Congrats! It’s great that you’ve gotten to a place in your life and your transition where you can say that you’re happy with yourself. It sounds like it was a bit of a struggle to get there, so I’m really excited for you to be on the other side of that and feeling good about yourself and where you’ve ended up.

Also, it sucks that you’ve already gone through the experience of navigating how other people felt about the decisions that you made about what is best for your life and your body when you came out as non-binary and trans, and now you’re faced with it again as you contemplate telling people that you’ve decided to stop taking T. Your letter mentions two groups of potential “backlash,” – friends and family.  From what you describe, it sounds like you’re afraid that your friends will feel betrayed and your family will feel confused.

So here’s my question: why does anyone else need to know?

I mean sure, in an ideal world you should be able to tell the people who love and care about you, and they’ll support, respect and understand your decision. And I truly hope you have people in your life who will do exactly that. And if you do have those people in your life, then by all means tell them, if telling them will feel helpful to you. But otherwise, why does anyone need to know? As you said, it doesn’t change how you think about your gender identity, so what purpose does telling other people serve?

That question is a real one, not a rhetorical one. If telling people serves a purpose for you, then tell them. But if it doesn’t, don’t. You don’t owe anyone this information.

For the friends and community members who might feel betrayed and concerned that you’re “de-transitioning,” you can’t control other people’s narratives, so don’t even try. The broader queer community, and trans people most especially, are in an incredibly terrifying political moment right now, so I guess to some degree it makes sense for folks to have some fear of “losing one of our own.” But  you know that’s not what’s happening, and I imagine that people close to you also know that’s not what’s happening.

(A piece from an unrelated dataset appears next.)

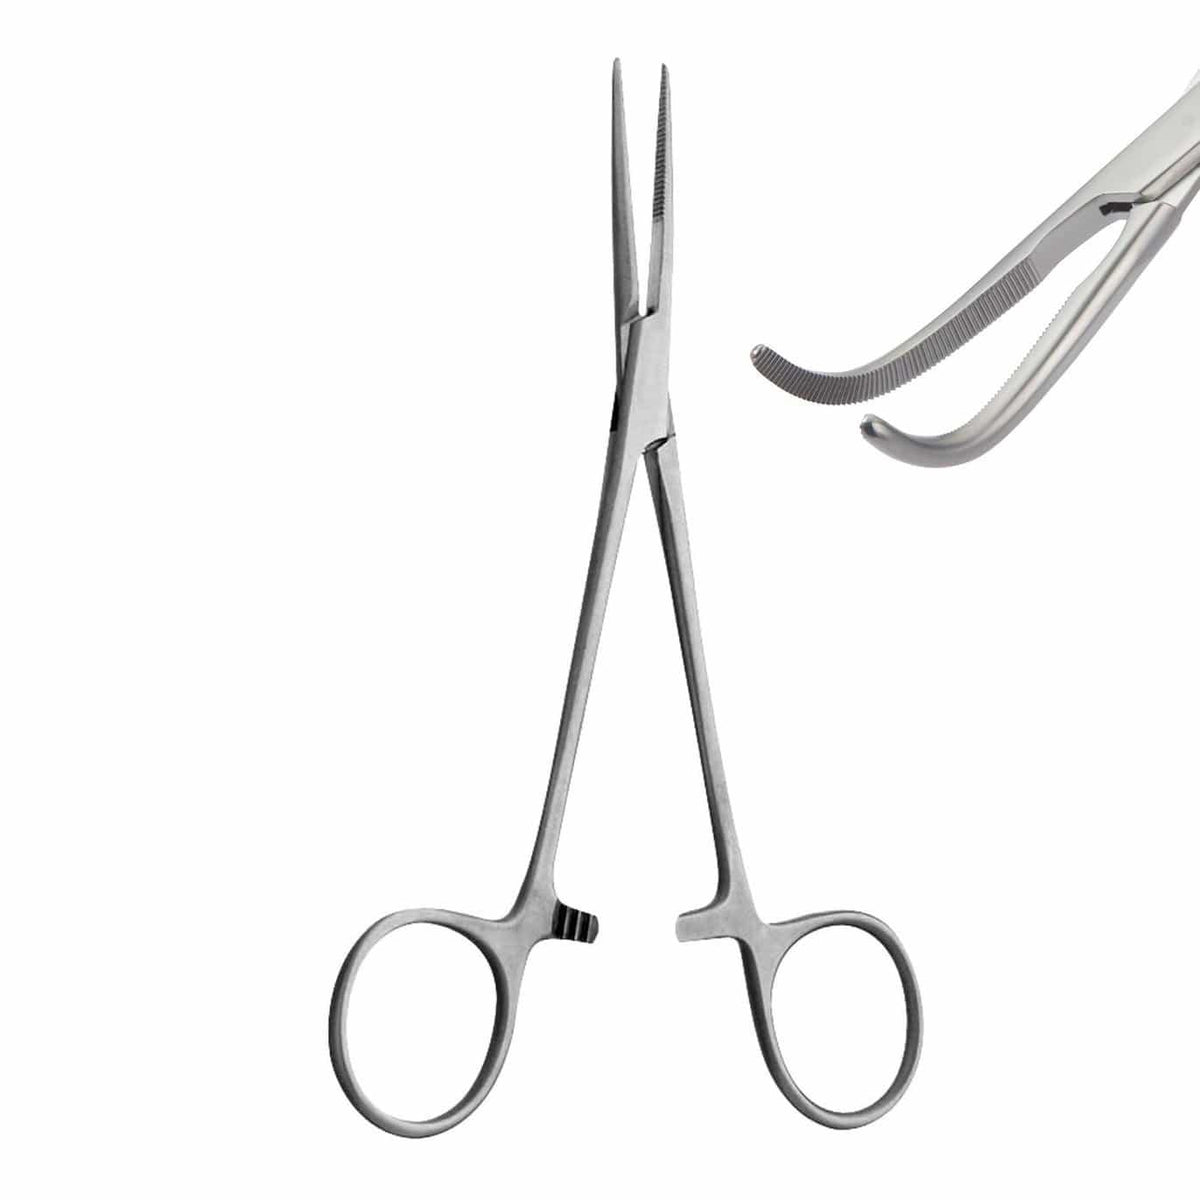 Armo Surgical Instruments Armo Kelly Artery Forceps

And the truth is, unless you tell them you’ve stopped taking T, they likely won’t even know! If someone does happen to say, “Hey, I was wondering, did you stop taking T?” You can always say, “Yeah, I decided to see how I feel not taking it for a bit,” and leave it at that. Who knows, maybe it will open up an interesting conversation.

As for the family members who were never supportive and now might just be downright confused, it might be helpful to remember no one goes around measuring the amount of testosterone that cis men have in their bodies, so certainly queer folks deserve that same level of respect and privacy, no? No one has the right to own what non-binary or trans means or looks like, or what an “acceptable” degree of masculinity is for any person, regardless of gender identity. Your family doesn’t necessarily have to understand the nuances of gender to understand that you have the right to privacy, respect and love. If they give you a hard time, maybe try telling them exactly that. Or better yet, if you have a cis family member who’s eager to show their allyship, let them say it for you. No reason for you to carry the emotional burden here.

A lot of us feel like we “owe” those close to us conversations or information about big life decisions that we make but the truth is, we don’t, especially when the outcome of those decisions doesn’t impact anyone but ourselves, which seems to be the case here.

I suggest that you take a minute to consider three things:

  1. Who do I want to tell?

  2. Why do I want to tell them?

  3. How will I feel if they don’t react the way I hope they will?

Then sit with how you feel after you’ve answered those questions, and let that guide your decision.

Whatever that is, you’re one brave badass. Remember that.